+++ Excerpted records +++
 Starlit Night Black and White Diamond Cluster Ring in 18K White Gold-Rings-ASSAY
+++
+++ Excerpted records +++
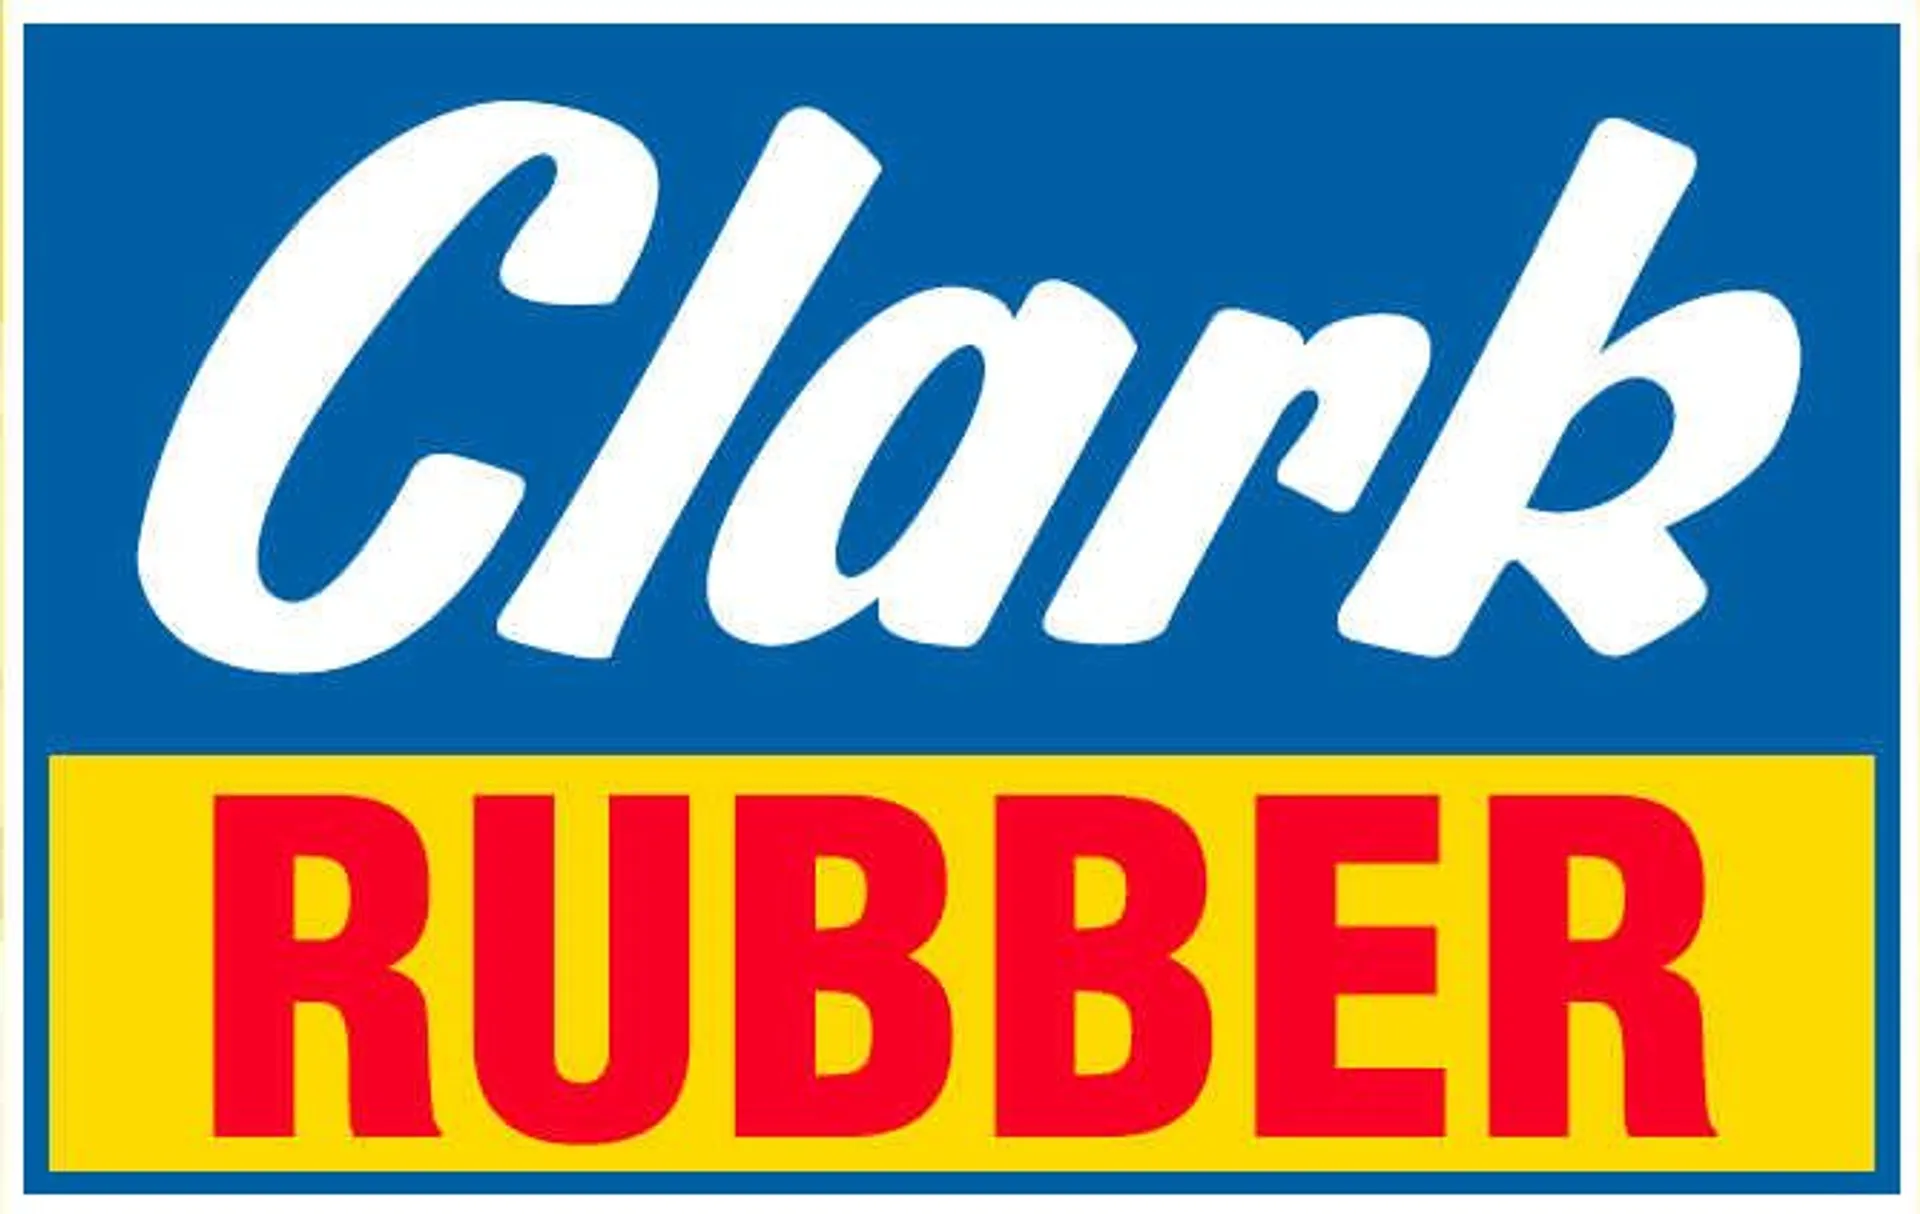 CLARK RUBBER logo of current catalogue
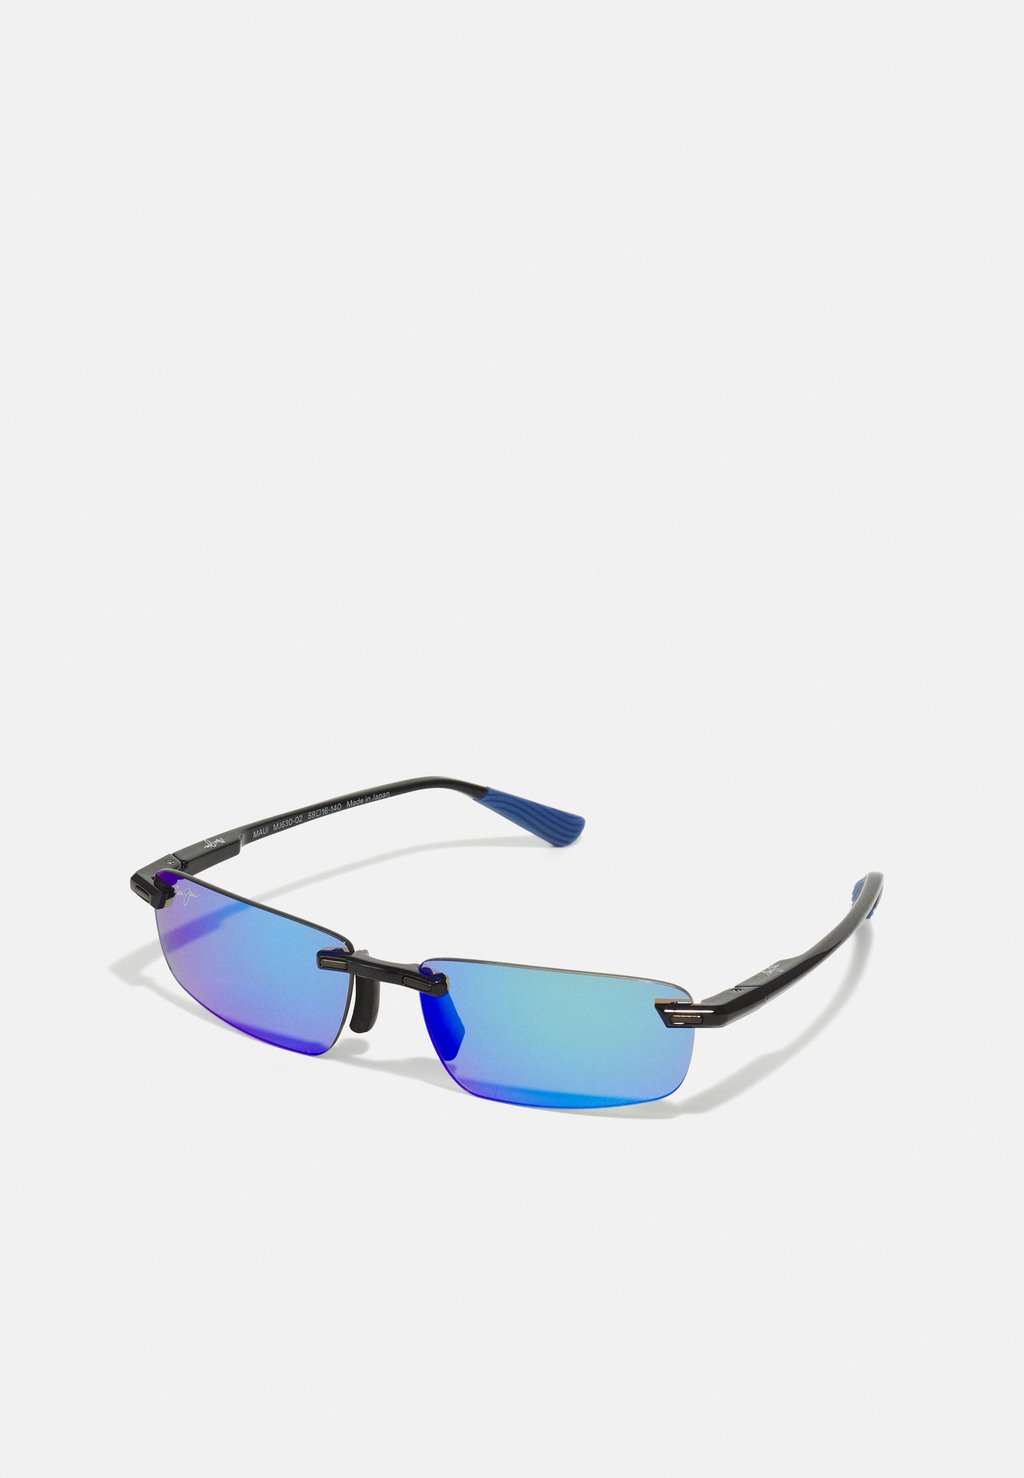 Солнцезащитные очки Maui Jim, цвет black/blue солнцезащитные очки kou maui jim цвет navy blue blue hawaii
+++
+++ Excerpted records +++
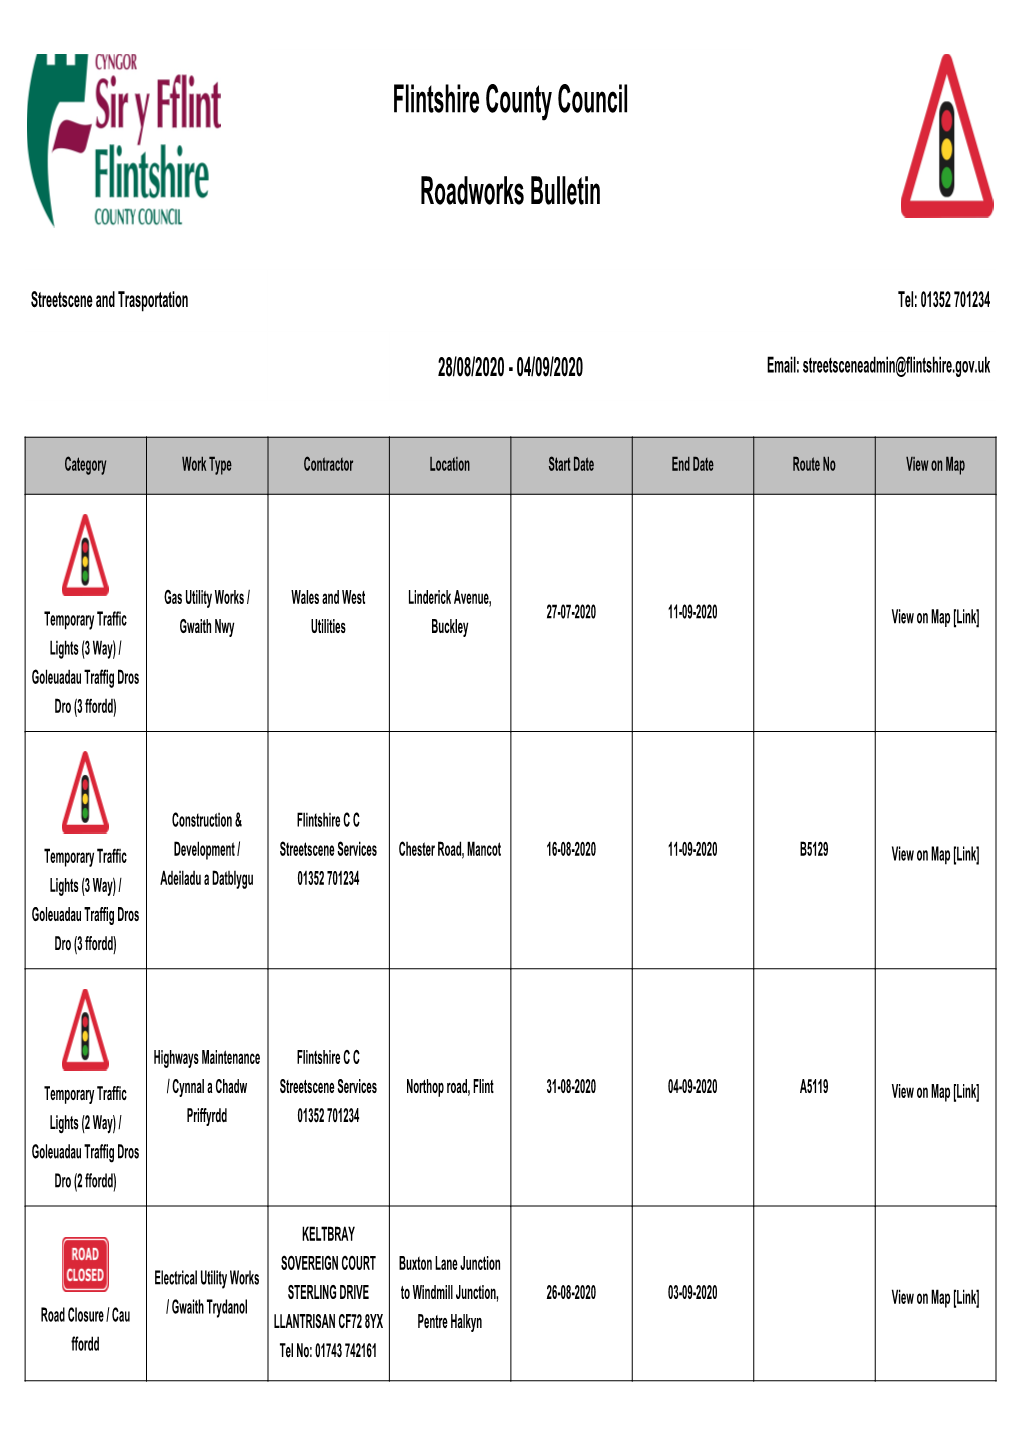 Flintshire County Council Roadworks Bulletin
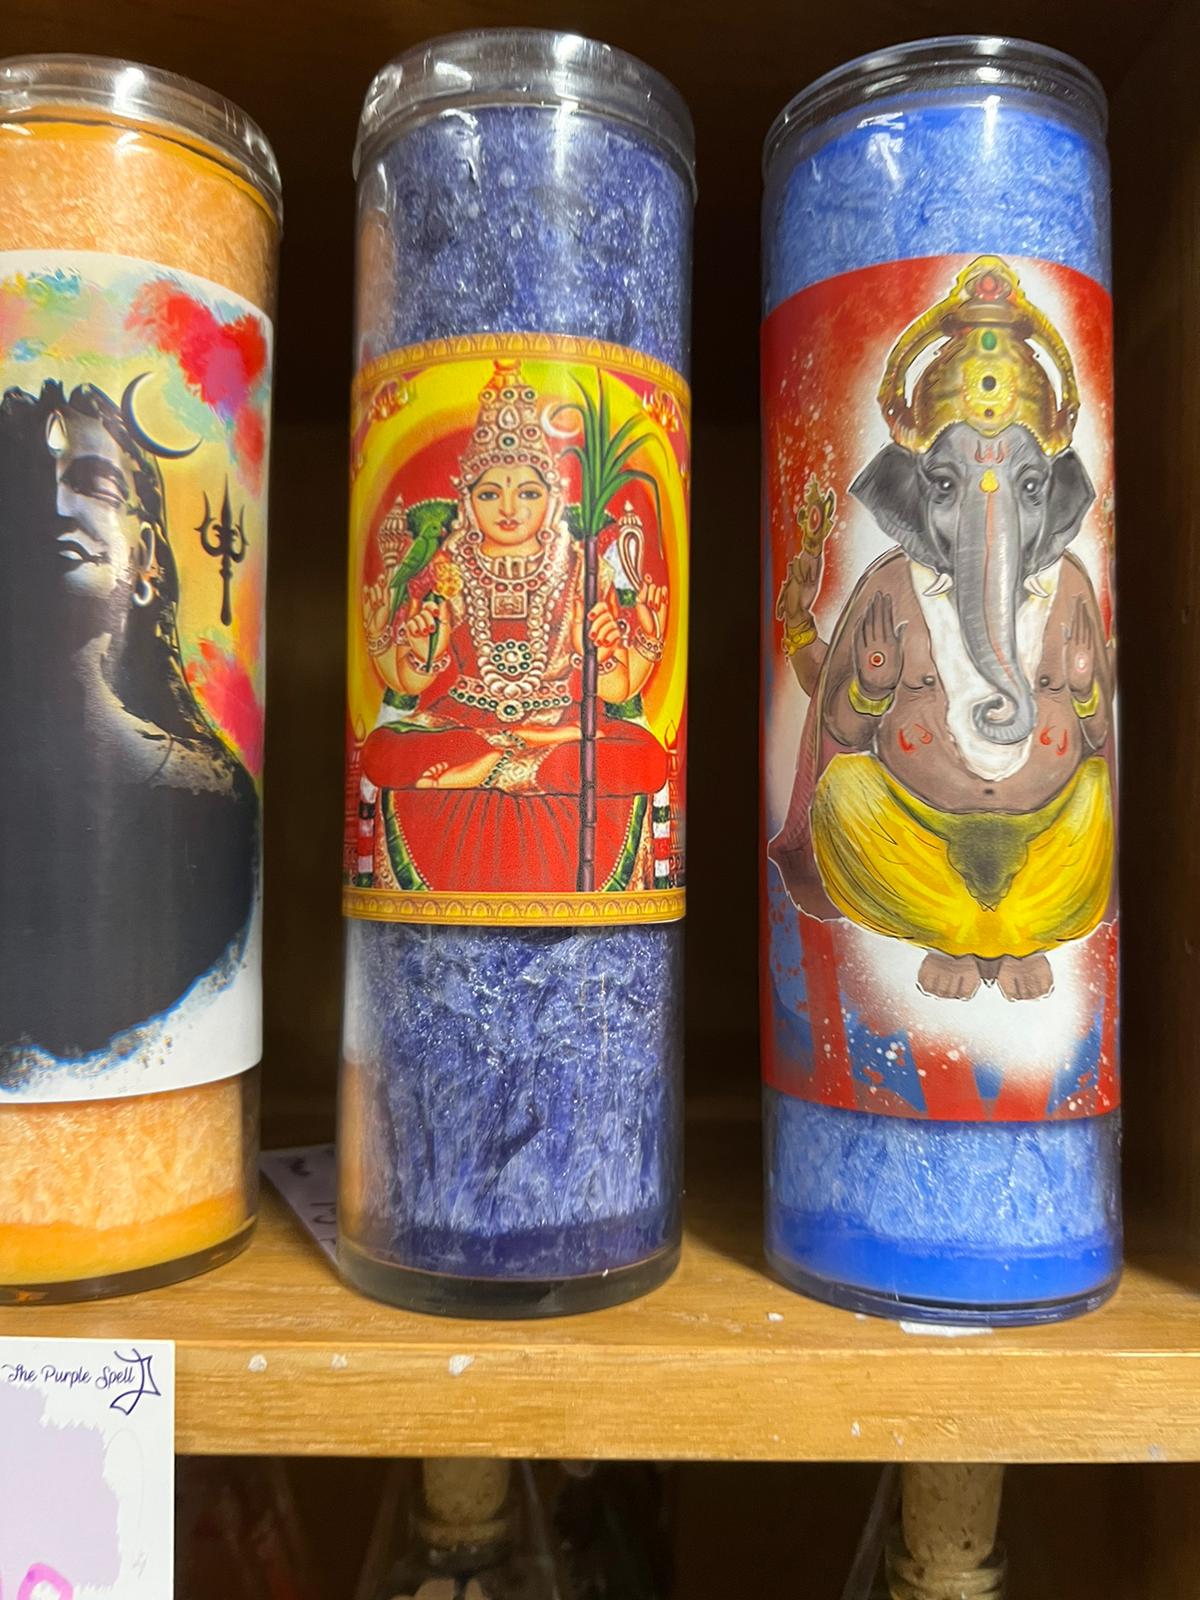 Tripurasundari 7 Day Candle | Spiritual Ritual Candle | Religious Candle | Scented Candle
+++
• _What is expected_: When you reach the line that has "CLARK RUBBER logo of current catalogue" in the data above, start repeating lines exactly, and stop after the line that has "Солнцезащитные очки Maui"; pictures stay out.

• _Written reply_:
 CLARK RUBBER logo of current catalogue
 Солнцезащитные очки Maui Jim, цвет black/blue солнцезащитные очки kou maui jim цвет navy blue blue hawaii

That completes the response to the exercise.